Los cultivos de segunda empeoran por la falta de agua. El incremento de la demanda hídrica y la poca disponibilidad de agua dejaron al 15 por ciento de los cuadros entre regulares y malas condiciones. Un 30 por ciento de las sojas de segunda comienza a florecer. Cada vez se hace más imperiosa la necesidad de agua. Las raíces no han alcanzado las napas, por lo que

dependen de las lluvias.

Las deficiencias hídricas también ponen en malas a regulares las calificaciones del 15 por ciento del área de maíz sembrada en diciembre. Además, "el gusano cogollero presiona al cultivo y ya se realizan controles en varios lotes". De acuerdo al informe, los rendimientos pare el cultivo de primera promediarían 87 qq/ha en la región."Los maíces están terminando de llenar sus granos con las reservas de agua que quedan en el perfil, van quedando ya muy lejos los techos de 145 qq/ha que se obtuvieron en pasado ciclo en Marcos Juárez o los 135 quintales en Bigand", señaló.

En un reporte anterior, el GEA indicó que las lluvias acumuladas en la región núcleo disminuyeron 45 por ciento respecto del mismo período de hace un año, desde que arrancó noviembre hasta el 22 de enero.
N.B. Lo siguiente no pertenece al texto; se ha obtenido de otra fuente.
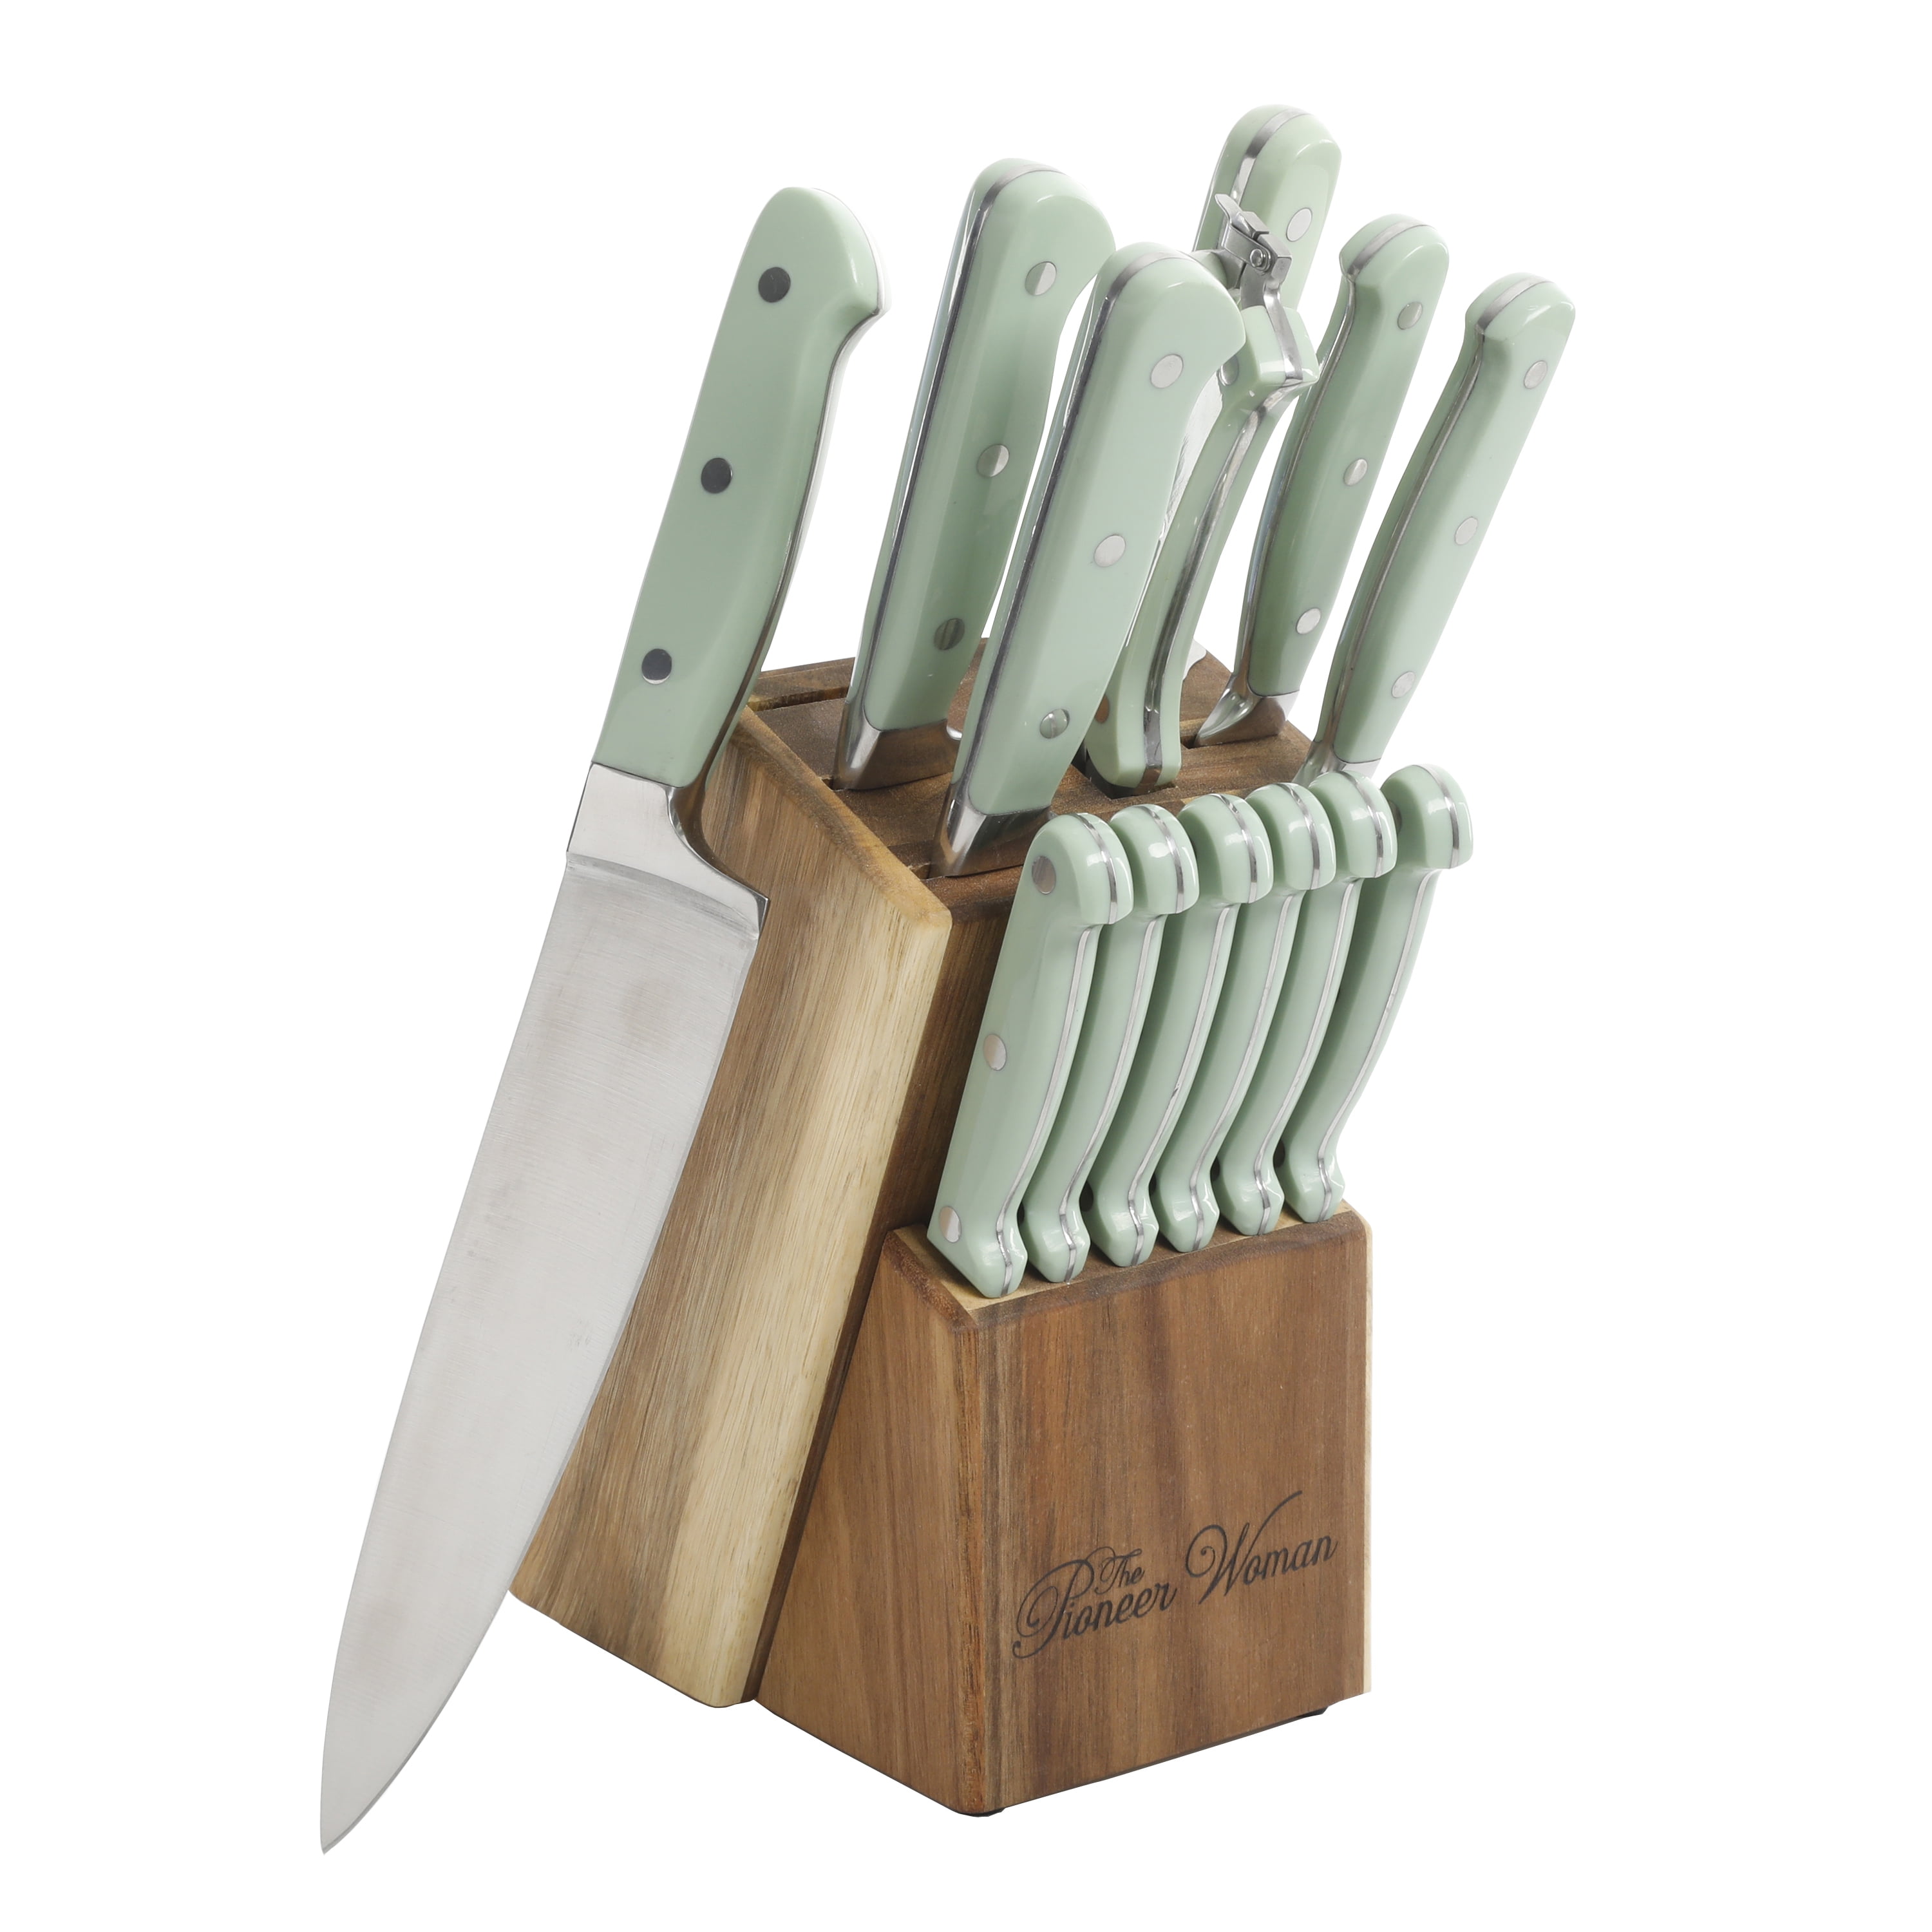 The Pioneer Woman Vintage Floral 14-Piece Cutlery Set with Wood Block

En aquel período, el corazón productivo había recibido 440 milímetros en promedio: en cambio, esta vez, en ese mismo lapso, la campaña 2017-2018 alcanzó 240 milímetros.

La zona bonaerense es la más complicada de la región núcleo. Las diferencias de lluvias de un ciclo a otro trepan por encima del 60 por ciento en esta zona. "No es para menos, hace un año el Norte de Buenos Aires llegó a recibir 500 milímetros en promedio, y en este ciclo apenas llega a los 200 en estos últimos casi 3 meses", indicó el informe de GEA.
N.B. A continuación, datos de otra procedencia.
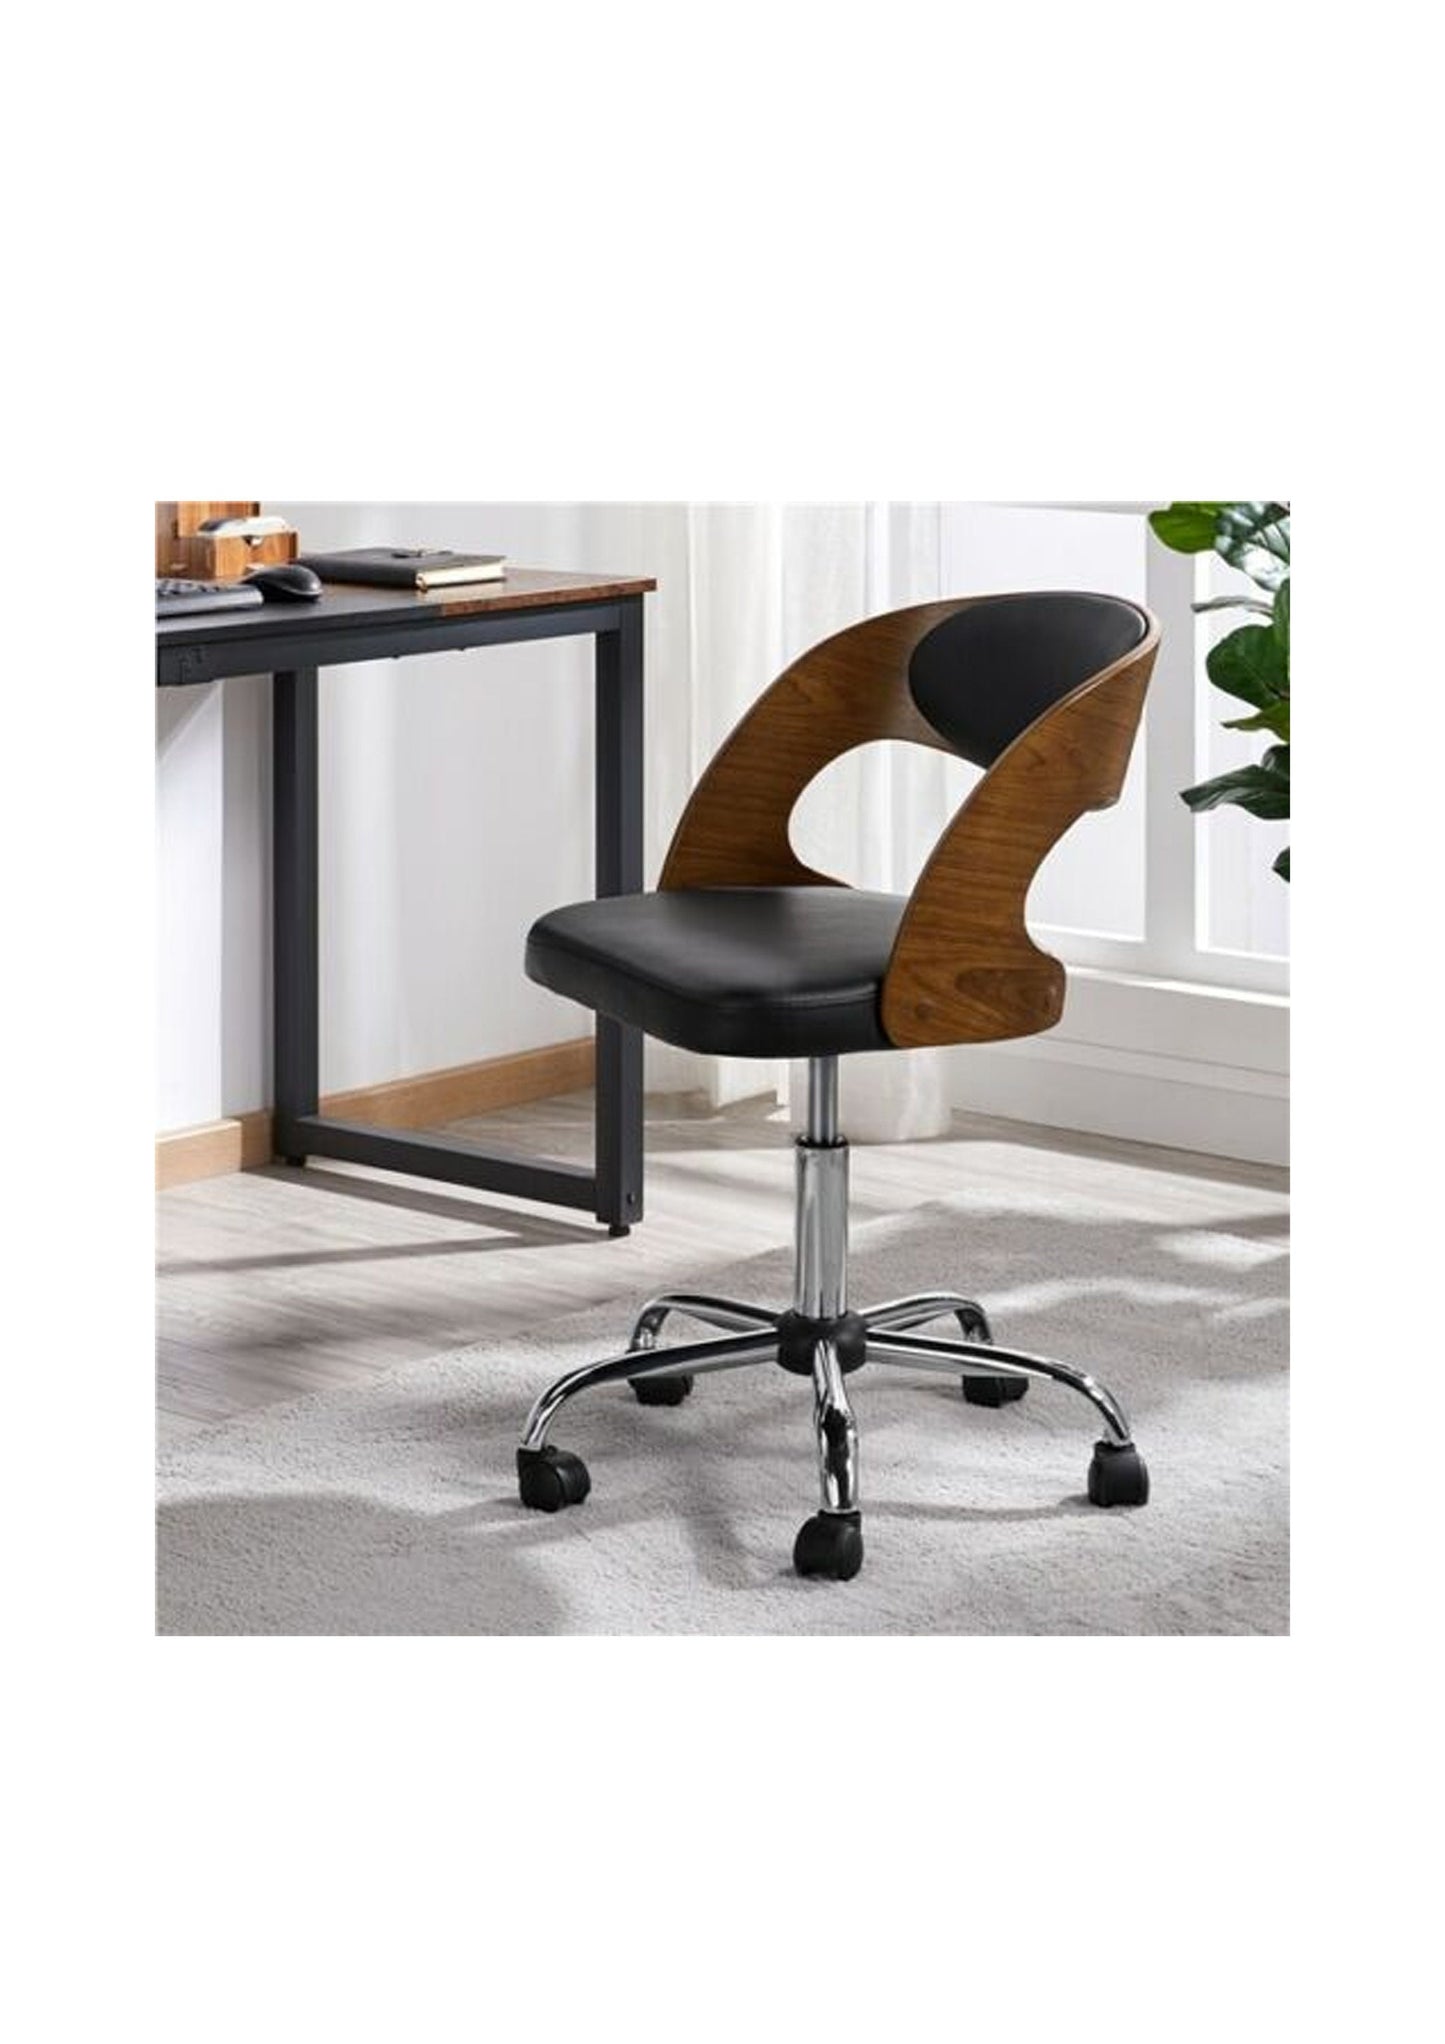 Retro Style Adjustable Office Desk Swivel Chair Bent Plywood and Faux Leather

En la provincia de Córdoba, la diferencia está en torno a los 50 milímetros. La deuda se nota en el centro y sur de Santa Fe, afectando el normal desarrollo de los cultivos temprano s de soja y maíz. Hay una franja que estuvo privilegiada por las lluvias, que cubrió a los departamentos de Rosario, San Lorenzo, Caseros y a buena parte de Iriondo y Belgrano.

En el centro norte de la provincia pasó la octava semana con días de inestabilidad y precipitaciones, con diferentes porcentajes de cobertura y montos pluviométricos, que rondaron los 55 milímetros para los departamentos del área de estudio. "Esta regularidad de lluvias semanales, de variado milimetraje, cobertura y en particular de su intensidad media a baja, fue impactando favorablemente en la implantación, germinación y desarrollo de todos los cultivos", señaló el Servicio de Estimaciones Agrícolas (SEA) de la Bolsa de comercio de Santa Fe y el Ministerio de Producción. Esto demuestra que, hasta el momento, es bajo el impacto del fenómeno "niña" en esa región.

Con este cuadro, continuó el proceso de siembra de soja de segunda y maíz de segunda, especialmente en los departamentos del norte santafesino, aprovechando la disponibilidad de agua útil en la cama de siembra y los lotes dejados por la cosecha de girasol y maíz de primera (picado — autoconsumo). Al cierre del informe, se llevaban sembrado 60.760 hectáreas de sorgo granífero (98 por ciento de la intención de siembra); 499.550 hectáreas de soja de primera (97 por ciento de la intención) y 75.000 hectáreas de maíz de segunda (75 por ciento de la intención).

Más allá de la situación del centro norte provincial, la sequía en la zona núcleo inquieta al mercado de Chicago, donde los precios de la soja y el maíz experimentaron fuertes subas. El debilitamiento del dólar a nivel mundial, con su cotización operando a un mínimo en tres años contra el euro, también contribuyó a impulsar estos valores.

En Rosario, mientras el dólar tocaba los 20 pesos, la soja pateó el tablero y las ofertas de compra alcanzaron los $5.400 por tonelada en el segmento disponible y u$s 270 para la nueva cosecha de mayo, para la cual se negociaron más de 40.000 toneladas. Los cereales también tuvieron una jornada alcista.